Breaking: Obama uses teleprompter
Politico's Carol Lee is offended by their use.
Obama’s reliance on the teleprompter is unusual — not only because he is famous for his oratory, but because no other president has used one so consistently and at so many events, large and small.
After the teleprompter malfunctioned a few times last summer and Obama delivered some less-than-soaring speeches, reports surfaced that he was training to wean himself off of the device while on vacation in Hawaii. But no such luck.
His use of the teleprompter makes work tricky for the television crews and photographers trying to capture an image of the president announcing a new Cabinet secretary or housing plan without a pane of glass blocking his face. And it is a startling sight to see such sleek, modern technology set against the mahogany doors and Bohemian crystal chandeliers in the East Room or the marble columns of the Grand Foyer.
“It’s just something presidents haven’t done,” said Martha Joynt Kumar, a presidential historian who has held court in the White House since December 1975. “It’s jarring to the eye.

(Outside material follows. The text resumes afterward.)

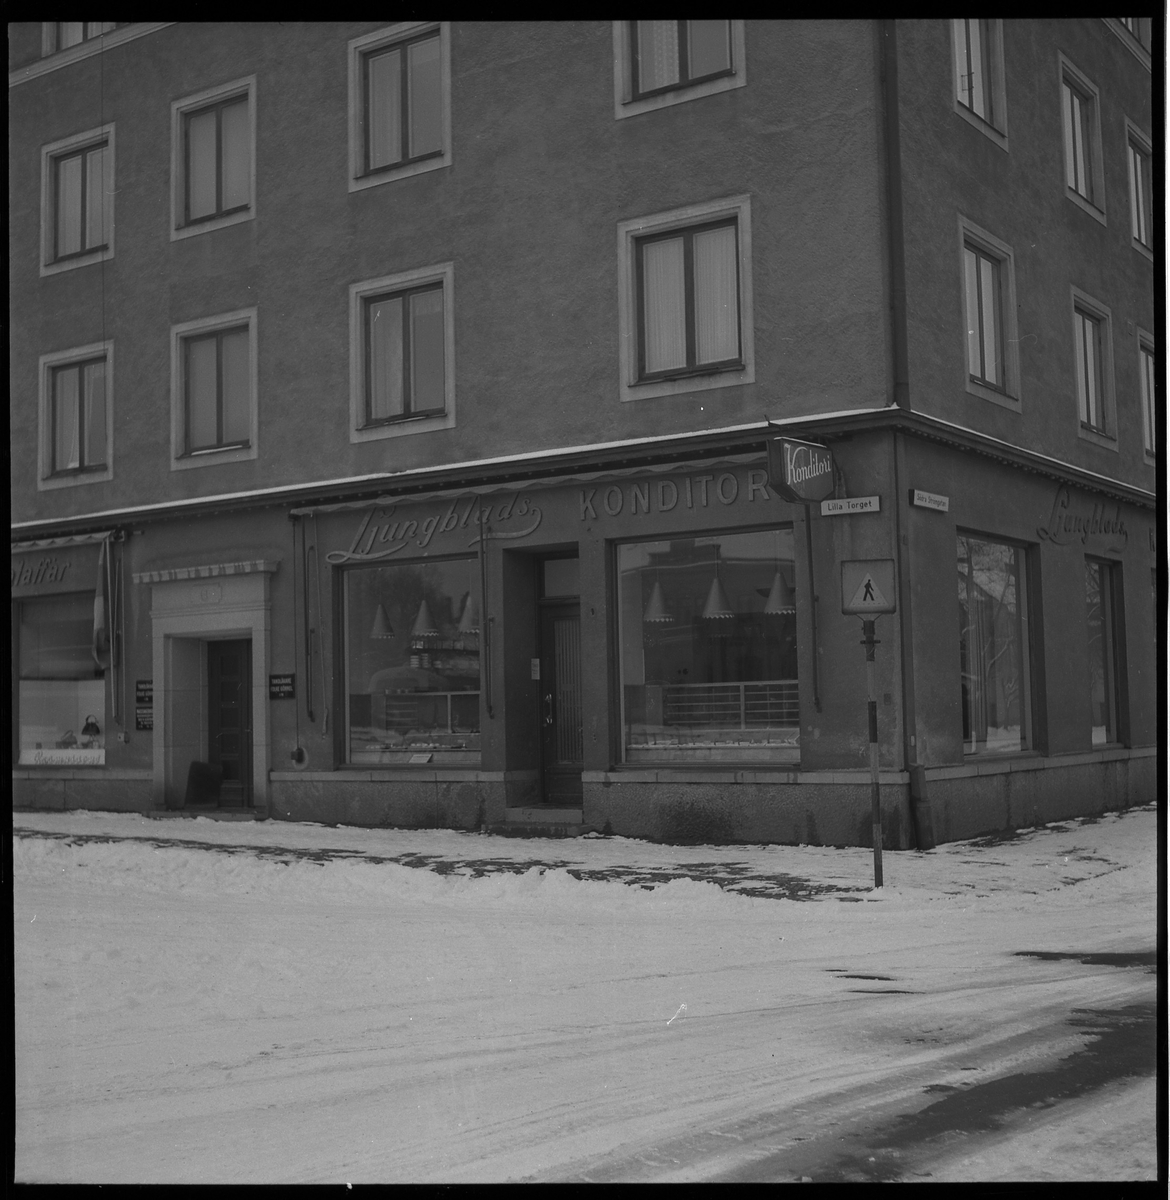 LJungblads Konditori, Lilla torget, kv Pelikan. Jan 1951

In a way, it stands in the middle between the audience and the president because his eye is on the teleprompter.”
As an aside, who is Martha Joynt Kumar and how has she managed to "hold court in the White House since December 1975?" Not just 1975, but December 1975. Well, color me fascinated.
But I digress.
The Times' Peter Baker thinks it's all about "message discipline."

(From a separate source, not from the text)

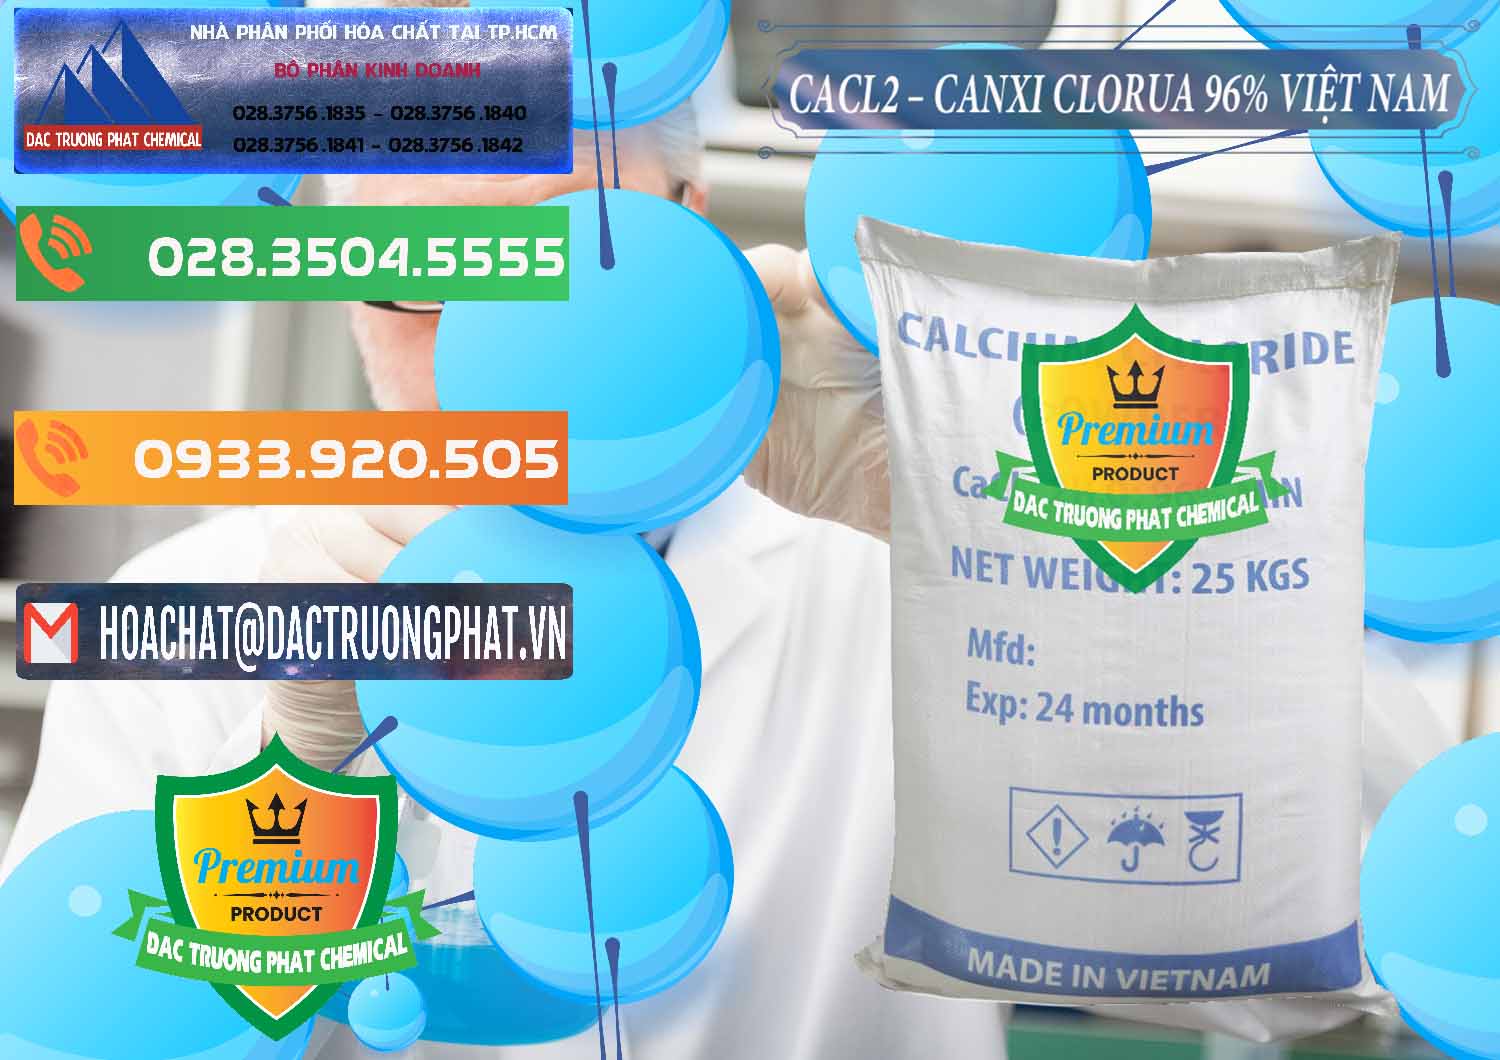 Cty phân phối - bán CaCl2 – Canxi Clorua 96% Việt Nam - 0236 - Nơi chuyên phân phối ( cung ứng ) hóa chất tại TP.HCM - hoachatxulynuoc.com.vn

For Mr. Obama, a teleprompter means message discipline, sticking close to his intended words. Every president uses prepared remarks, of course, often reading from paper or note cards. But while some of his predecessors liked to extemporize, Mr. Obama prefers the message to be just so. After all, he is a bestselling author who has had a hand in writing many of his major speeches, so his aides say he feels a certain fidelity to the crafted text.
Michael Waldman, who was President Bill Clinton’s chief speechwriter, said Mr. Obama is one of the few politicians who is able to use a teleprompter effectively. “If he were just reading something someone handed him, and didn’t understand what it said, that would be one thing,” Mr. Waldman said. “But I don’t think anybody doubts that he’s expressing his own thoughts.”
Yet Bradley A. Blakeman, a former White House aide to President George W. Bush and a Republican strategist, said the teleprompter makes Mr. Obama look robotic. “He is extremely scripted, and he is cautious to the max and afraid of gaffes,” Mr. Blakeman said. When answering questions without a script, Mr. Blakeman said, “his speech is very halted, and you can see him take a lot of time to think about what he’s going to say.”
Because we don't want our presidents thinking about what they are going to say.
Oddly, the photo just below Baker's article in the wood pulp edition of the "paper" showed Obama at the health care forum at a podium without a teleprompter. What fucking gives?
Apparently, this has been bubbling around the wingnutosphere for some time. Glad it's finally getting the attention it so richly does not deserve.